Soemthing tells me the holley conversion is misleading. I have not clicked on the readings, but how is the driveability compared to SU's. When my SU's were fresh from Z therapy, they were fanfreaking tastic. The numbers Blue posted are interesting, but I would like to know more of the comparison. Was the Holley new and the SU's old and worn out? What was the total area under the HP/torque curves for both. Peak HP does not mean nearly as much as total area under the curve.

Soemthing tells me the holley conversion is misleading. I have not clicked on the readings, but how is the driveability compared to SU's. When my SU's were fresh from Z therapy, they were fanfreaking tastic. The numbers Blue posted are interesting, but I would like to know more of the comparison. Was the Holley new and the SU's old and worn out? What was the total area under the HP/torque curves for both. Peak HP does not mean nearly as much as total area under the curve.

Mark (Ozconnection) is talking about an L28 from a Cedric 330, which only has a single carburettor.

The purpose of this thread is to continue a comment that I made about the benefits of modifying the original Datsun L28 exhaust setup and replacing it with headers and a bigger single system.

So, I have a dyno sheet that shows the difference what headers and a nice exhaust make to the L series. The original exhaust manifold and 1.75 inch was replaced by a set of HM39 (Aussie brand) and a 2.5 inch exhaust with two mufflers.

I don't want to shoot my own argument down here by saying that the discussion only involves headers and not the rest of the exhaust but I kinda see it as a whole package really. If you didn't want to upgrade the whole pipe and muffler shebang your power gains probably won't be as much as mine. Still worthwhile?.......absolutely.

The question about the value of adding "Headers" is still left unanswered.

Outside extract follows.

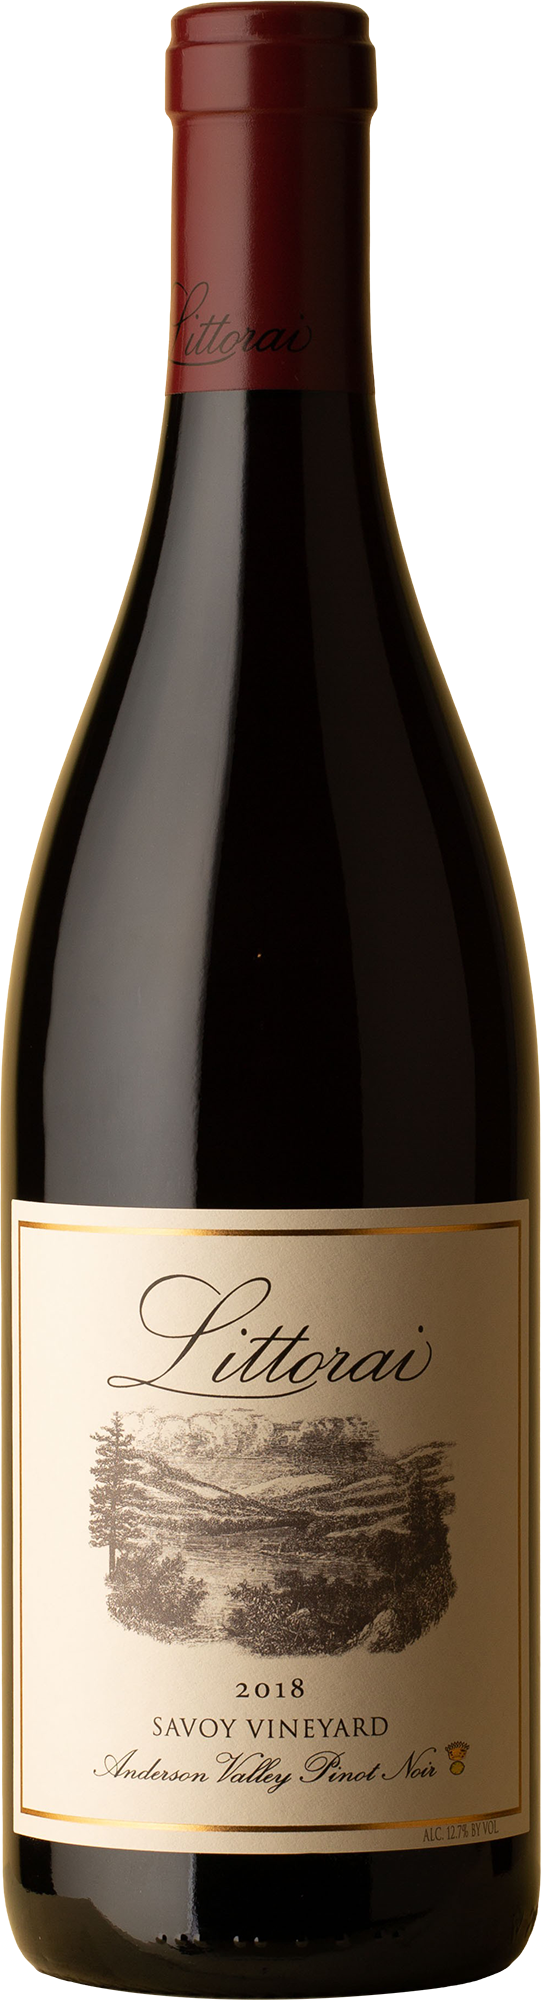 Littorai - Savoy Vineyard Pinot Noir 2018 Red Wine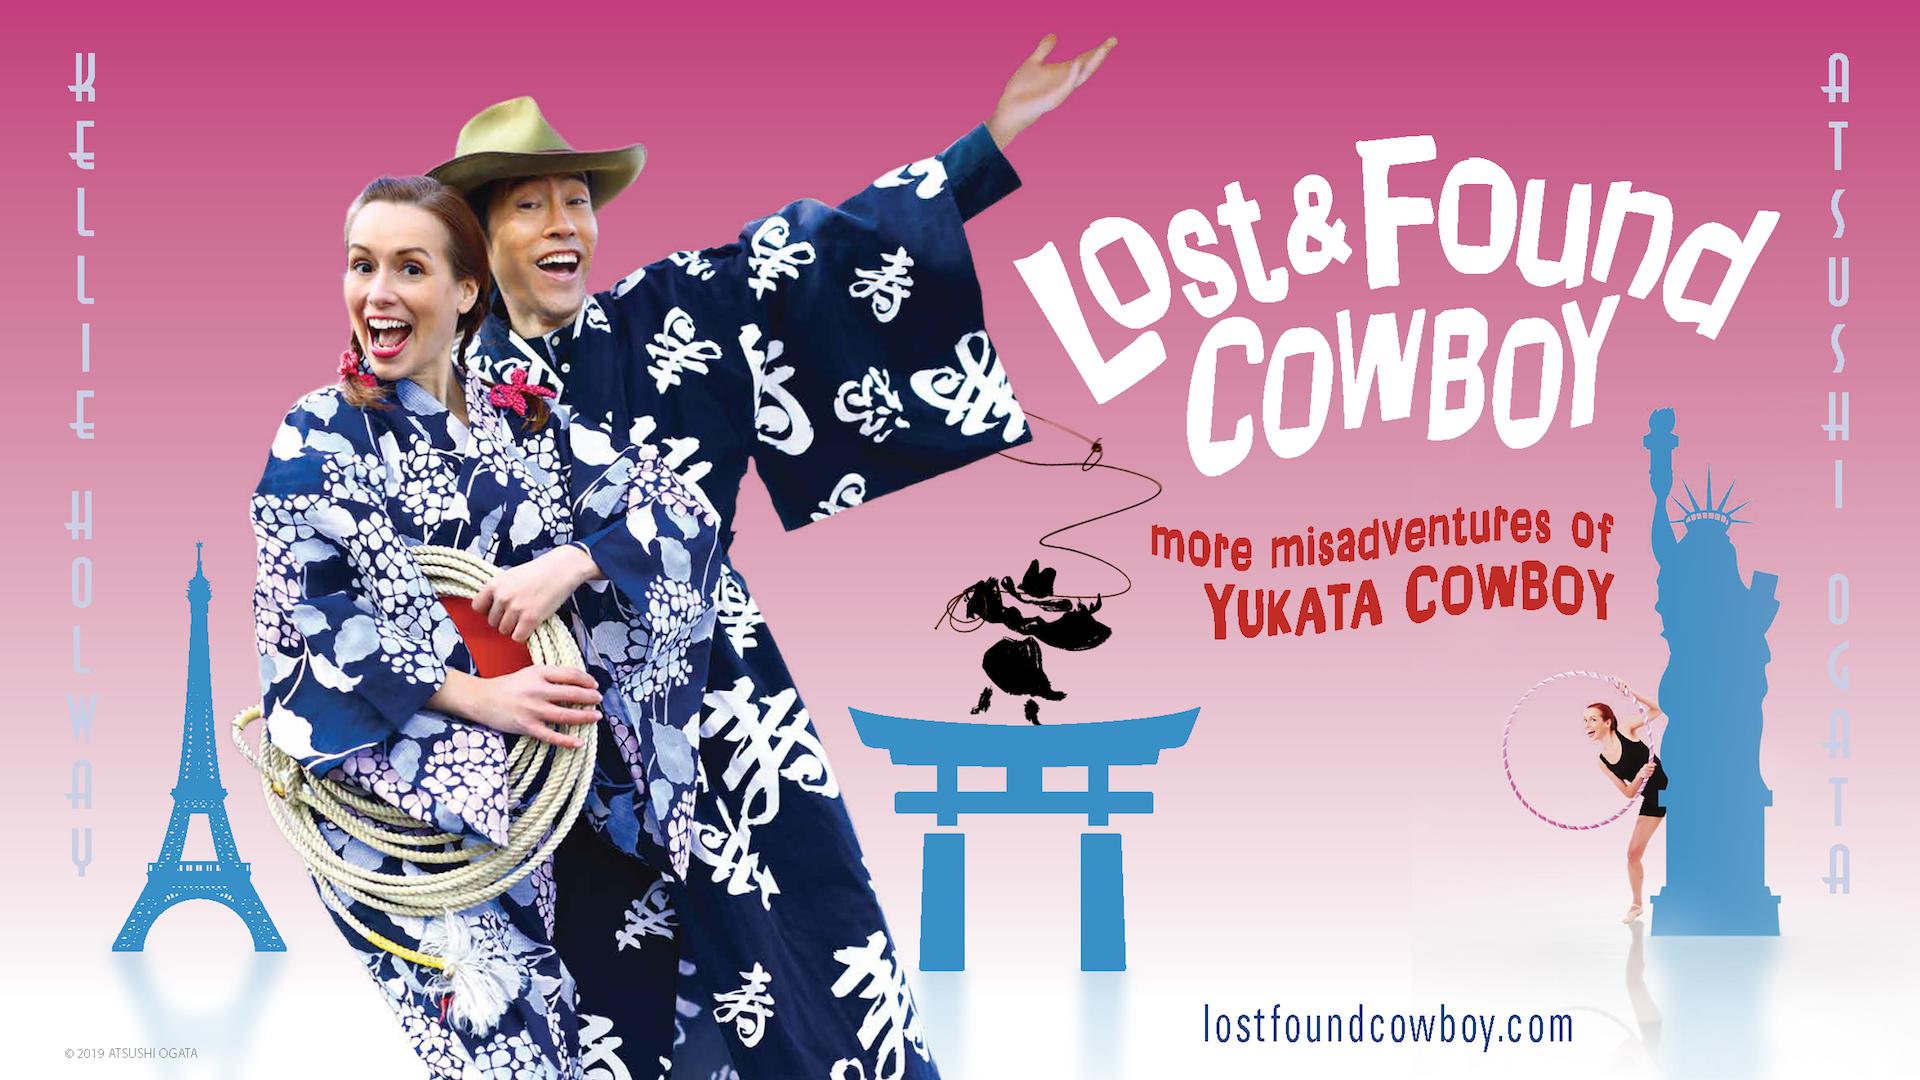 Lost & Found Cowboy

The OP did exactly what the manufacturers and sellers of Headers do - change out the entire exhaust system - and claim that the Headers were responsible for the HP gains.

When a larger and free flowing exhaust pipe is added to the stock exhaust manifold's header pipe after opening it up, combined with free flowing mufflers - you will see a 10 to 15 HP gain on most dyno's. If you then add expensive Headers to an otherwise stock or mild street mod engine - you won't see any significant additional HP gains above what the free flowing exhaust system gave to begin with.

Bottom line is don't waste your money on headers if you are looking for performance increases. All you will get is more heat and noise under the hood. If "Looks" is what you are after - go for the headers...

FWIW,

Carl B.

Replaced the original exaust in the 73 automatic last summer; wanted to see the diff, so timed about six zero to 60 runs with a stopwatch, best time was 9.43. Put a 2 1/4" pipe and turbo muffler, ran a 8.34 first time next day. That's about 12% faster. BTW, did a dyno run last month - I was shifting too late.

  • 1 month later...

A 25% or even 10% improvement in horsepower or performance is probably a bit optimistic...

But I don't doubt that replacing the stock exhaust has to help the engine quite a bit, look at how restrictive the stock y-pipe was on my 280:

15851409_large.jpg

Edited by 8DC

Saw your post about your collector pipe on another forum and though for sure that someone would respond that it was not stock.

I have three 280Z collector pipes and they all look like the attached picture. I have a portion of a ZX pipe also and it looks similar.

post-20342-14150819517983_thumb.jpg

8DC: that looks horrible. 240Z downpipe has long secondary pipes to a nicer "Y" that might bolt on; they look cool and may have a scavenging effect. Should be plenty around from people who changed to headers. The local muffler shop can cut it at the Y and put a bigger pipe and muffler - as an alternative to headers.